Autre question, d’une importance considérable : le nouveau contexte politique à partir de la mise en place de la Ve République. Car la Ve République, c’est la loi Debré mais aussi la poursuite de la guerre d’Algérie et la politique économique et sociale gaulliste. Elle pose aussi la question de l’unité de la gauche pour présenter une alternative. Dans ce contexte, le SNI du Rhône a une orientation constante : constatant – non sans raisons – le caractère laïque peu affirmé du SGEN-CFTC (15) et reprenant ses critiques contre le catholicisme syndical de la CFTC, il refuse souvent l’unité d’action – au nom de la laïcité – y compris contre la guerre d’Algérie, contre la politique d’austérité dans la Fonction publique… unité d’action qui dans le Rhône se réalise parfois donc sans lui (16). Il refuse aussi de s’intéresser aux débats de la gauche.
Dans ce contexte, U & A progresse par deux biais. D’abord, face aux militant·es qui recherchent une issue unitaire contre le gaullisme, il critique l’isolement du SNI 69. D’autre part, face aux revendications égalitaires de la direction ÉÉ (augmentations salariales uniformes, refus de la hiérarchie…), il développe une orientation mettant l’accent sur les revendications catégorielles. Le courant U & A progresse : en 1963, il prend le dessus sur l’ÉÉ et celle-ci perd la direction de la section.
Des leçons ?
Bien évidemment, au terme de cette brève présentation il serait présomptueux de tirer des leçons définitives de cet exemple, en matière d’articulation entre action laïque et syndicalisme. Le contexte politique et syndical d’aujourd’hui est très différent. Ni de considérer que c’était le bon temps, un âge d’or, etc.
En revanche trois remarques générales peuvent être formulées. Elles ne prétendent pas non plus donner les solutions magiques pour relancer l’action laïque en 2020.
D’abord, il est tout à fait possible de faire vivre un syndicalisme de masse sur une base de lutte de classe et de revendications laïques sans compromis. Nous ne sommes pas condamné.es à une oscillation stérile entre un syndicalisme “radical” minoritaire et un syndicalisme d’appareil majoritaire. Mais cela implique de penser la question du l’unité syndicale organique, donc de la démocratie syndicale, du rôle des tendances, etc. C’est ce qu’ont réussi à faire d’une certaine façon les militant·es de l’ÉÉ 69 à la tête du SNI 69.
Ensuite, de toute évidence un syndicalisme laïque et cherchant à ancrer la laïcité dans la population, ne peut se résumer à des motions de congrès et quelques communiqués unitaires. L’exemple étudié nous montre que la laïcité a un ancrage de masse (permettant des mobilisations de masse) quand elle irrigue l’action syndicale dans son ensemble, et ne se cantonne pas au domaine de quelques militant·es “spécialisé·es”.
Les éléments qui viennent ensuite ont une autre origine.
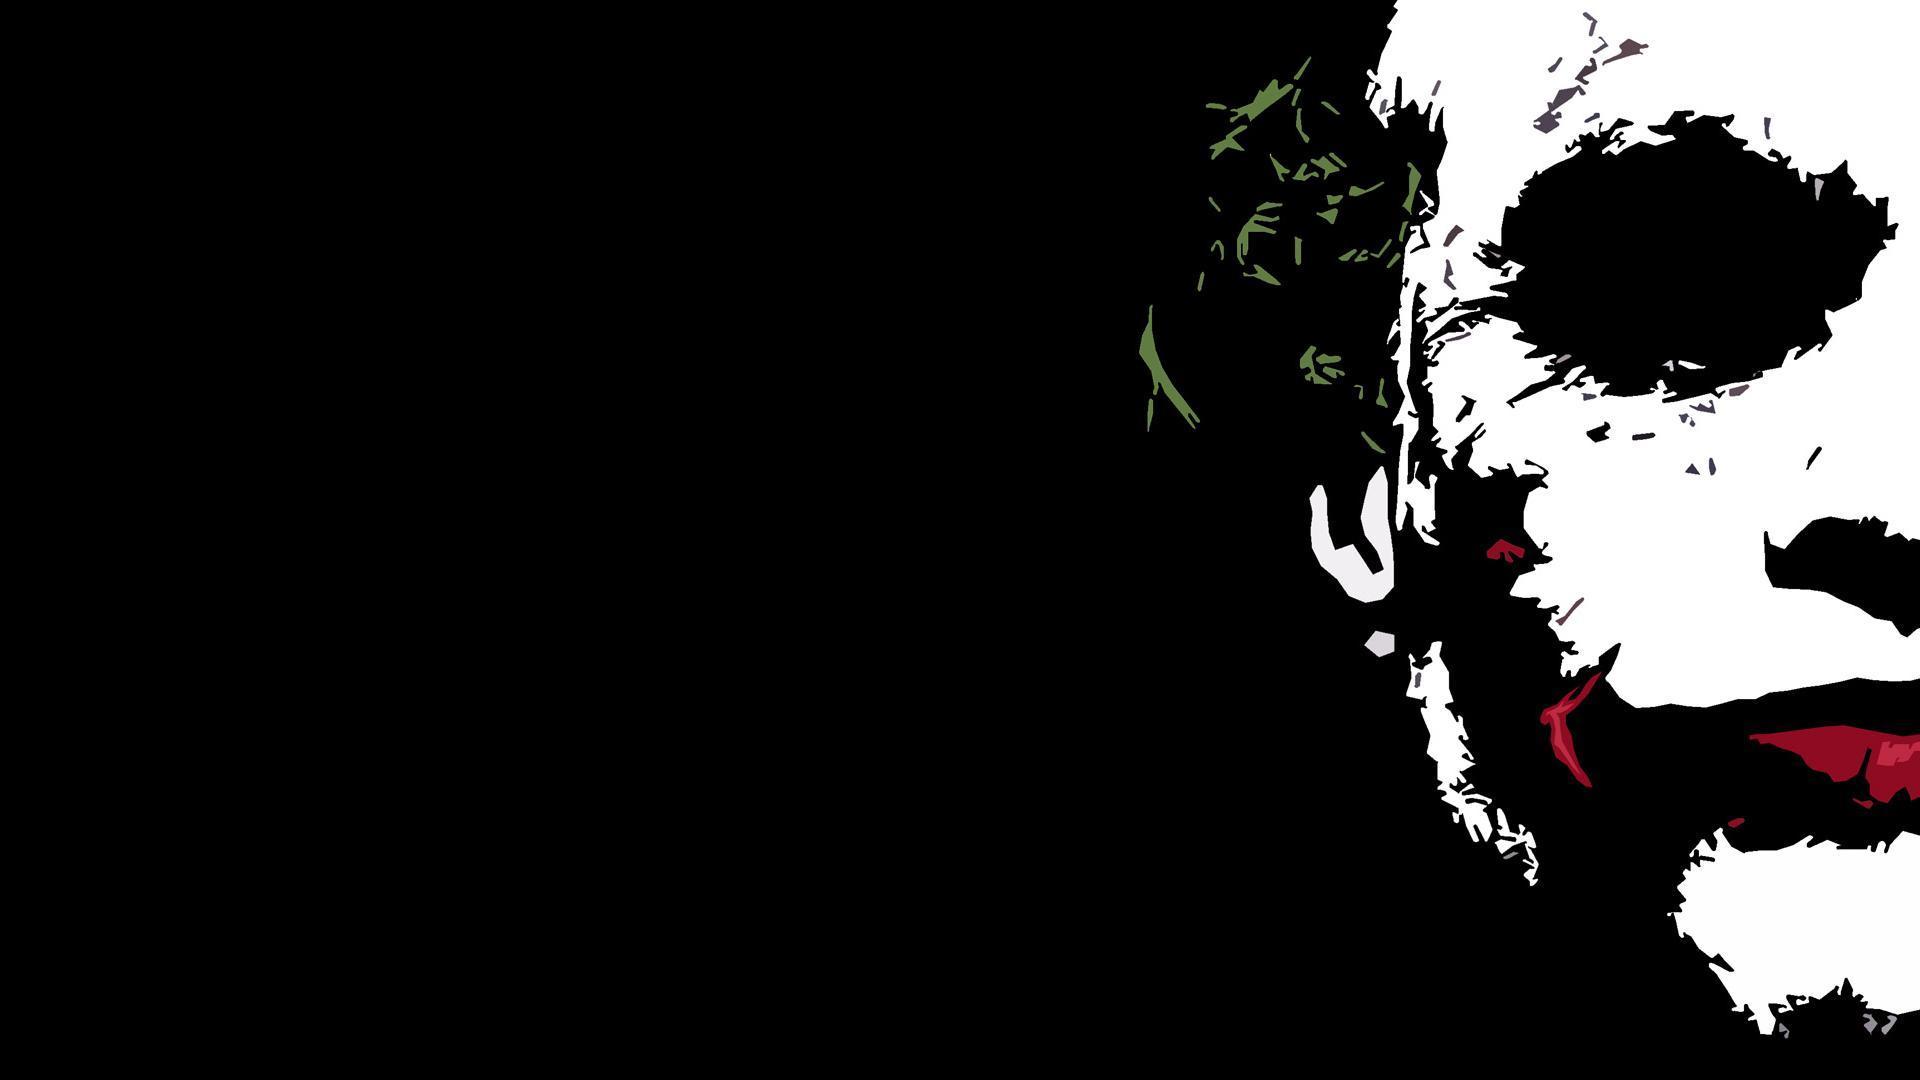 <b>Wallpaper</b> of the <b>Joker</b> - WallpaperSafari

Enfin, l’action syndicale laïque s’ancre aussi dans des éléments très concrets et pas seulement idéologiques, qui nécessitent là aussi un travail syndical sans doute assez important. Si les lois Barangé et Debré ont suscité une mobilisation aussi intense et une relance de l’action laïque, c’est qu’elles avaient des conséquences au quotidien. Ouvrir les vannes des subventions publiques aux écoles confessionnelles avait des résultats très concrets et vécus comme tels. Ainsi le SNI 69 a procédé à des enquêtes détaillées pour étudier les effets d’une possible nationalisation des écoles privées dans le Rhône, notamment en étudiant les effectifs d’élèves, commune par commune. En 1962, dans une autre enquête, il fait apparaître que dans le public il y a entre 35 et 38 élèves dans les classes primaires, 42 à 55 élèves dans les maternelles… contre en moyenne 20 élèves par classe dans le privé !
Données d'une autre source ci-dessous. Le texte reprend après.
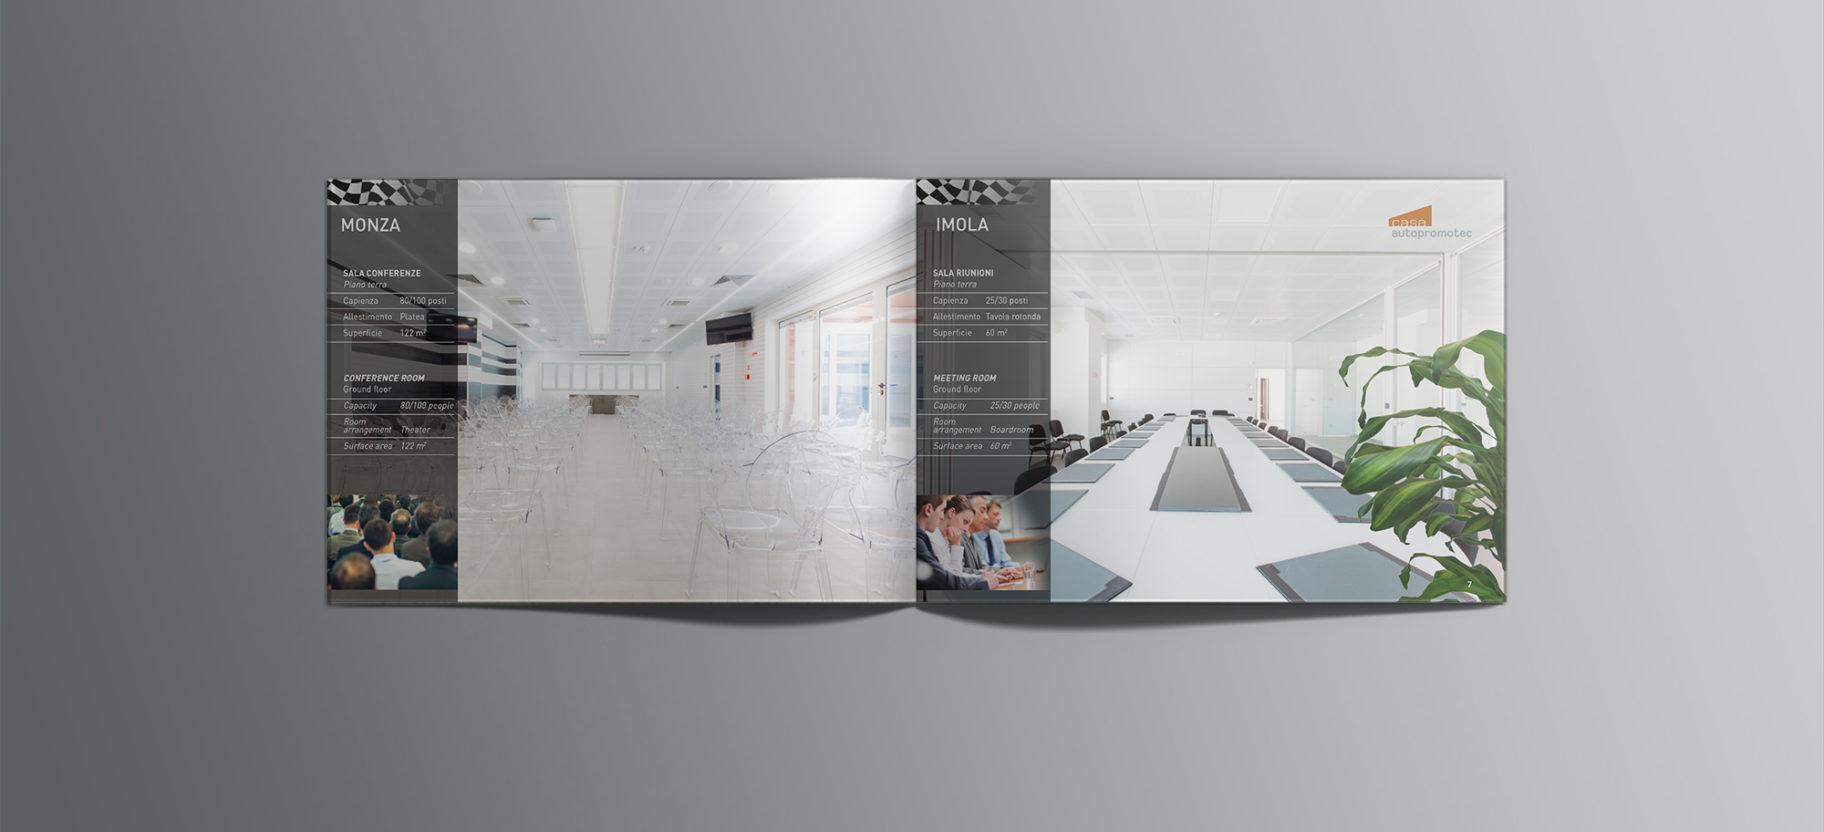 Casa Autopromotec-Brochure-02

Comme on le voit, si les temps ont changé, des enjeux très importants liés à la défense laïque et à l’abrogation des lois anti-laïques sont toujours aussi pertinents.
Quentin Dauphiné
(1) Syndicat national des instituteurs.
(2) ÉÉ dans la suite de l’article.
(3) Unité, Indépendance et Démocratie : courant qui donnera naissance à l’UNSA ultérieurement.
(4) Militant trotskyste “lambertiste”, même si ce vocable est peu pertinent pour l’époque évoquée ici.
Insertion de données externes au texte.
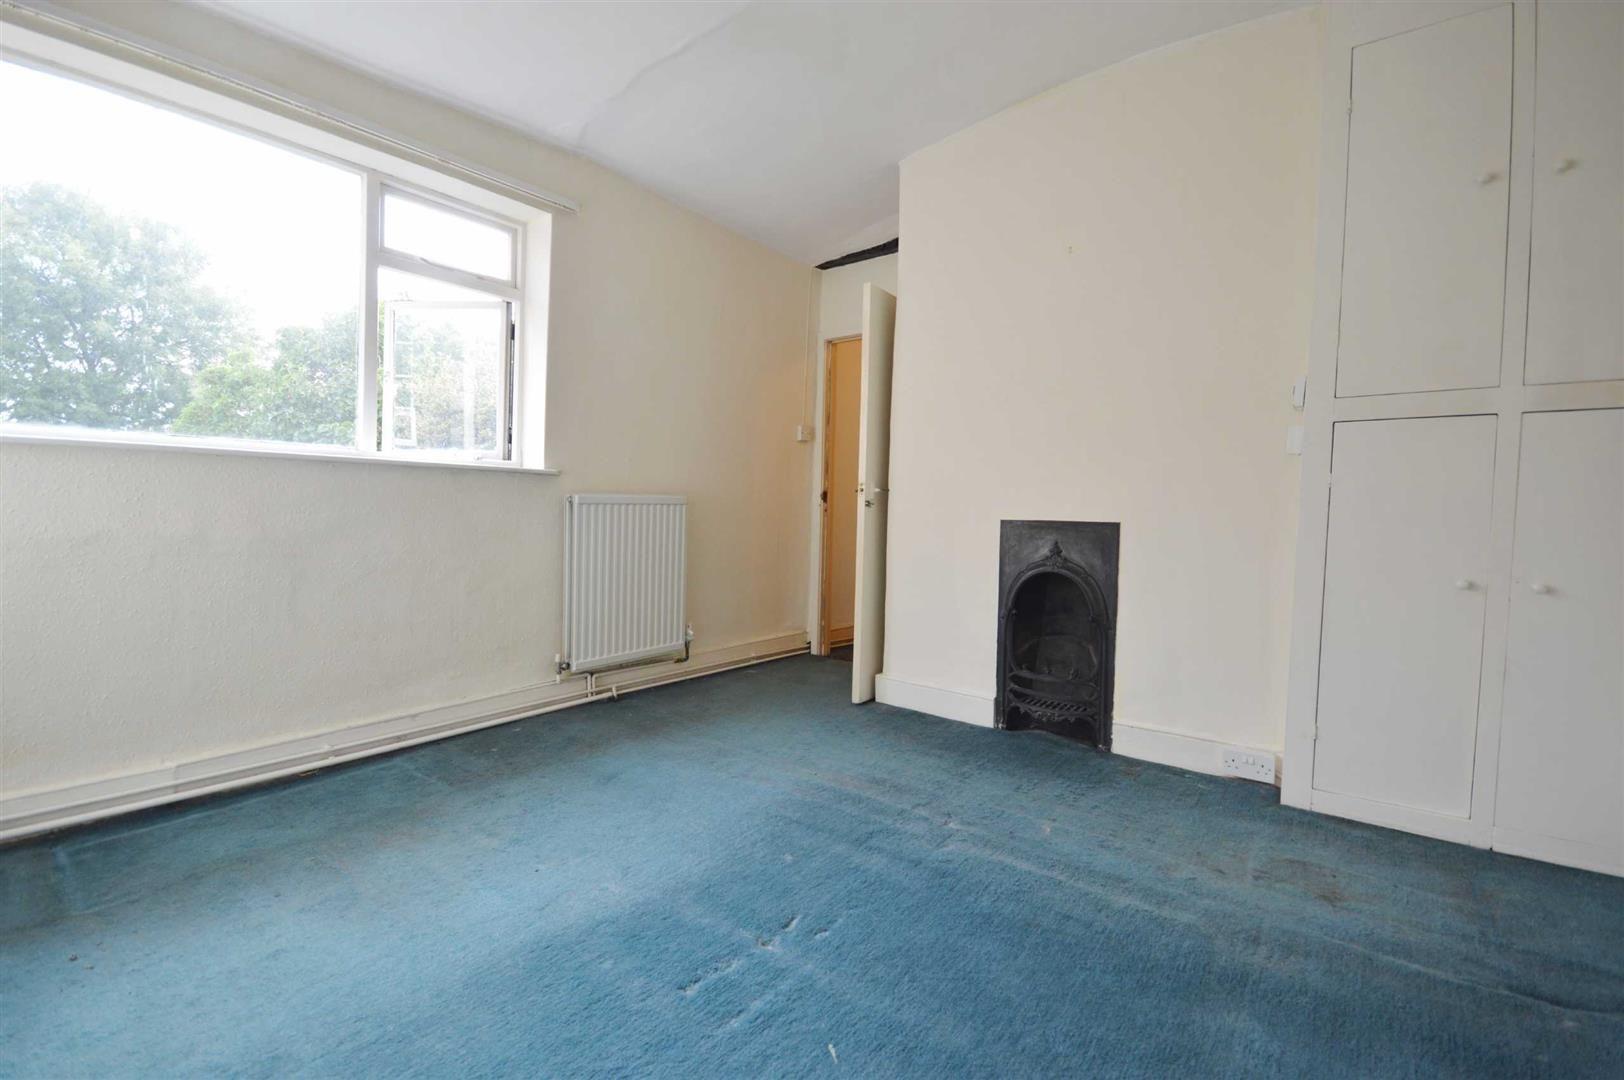 3 bed cottage for sale in Leominster  - Property Image 6

(5) Ouest du département du Rhône, très marqué par l’influence cléricale et réactionnaire. Le Rhône est un département où le privé est relativement développé.
(6) Centre laïque des auberges de jeunesse.
(7) Citation issue du mémoire de maîtrise de 1981 de G. Dumas : Le syndicalisme des instituteurs du Rhône de 1945 à 1963.
(8) Réflexion à méditer pour un certain nombre de militant.es laïques, y compris ceux et celles qui font des dossiers “Laïcité” pour telle ou telle revue !
(9) Coopérative Lyonnaise de l’Enseignement Public.
(10) Mutuelle Retraite des Instituteurs et des Fonctionnaires de l’Éducation Nationale.
(11) Comme d’autres sections départementales à majorité ÉÉ, le SNI 69 n’hésite pas devant la perspective de la grève longue et réunit des AG (sous la direction du syndicat (on peut se le permettre quand on syndique à 80%…) quand celle-ci prend forme.
(12) Délégué·es Départementaux·les de l’Éducation Nationale.
(13) Prédécesseur du CNAL.
(14) Le PCI regroupe les militant·es trotskystes.
(15) La CFDT n’existe pas encore, elle apparaîtra par “déconfessionnalisation” de la CFTC en 1964.
(16) Il semblerait que les sections du SNI à majorité ÉÉ aient des attitudes diverses et variables sur cette question, même si – comme la majorité du SNI – elles se méfient beaucoup de la CFTC.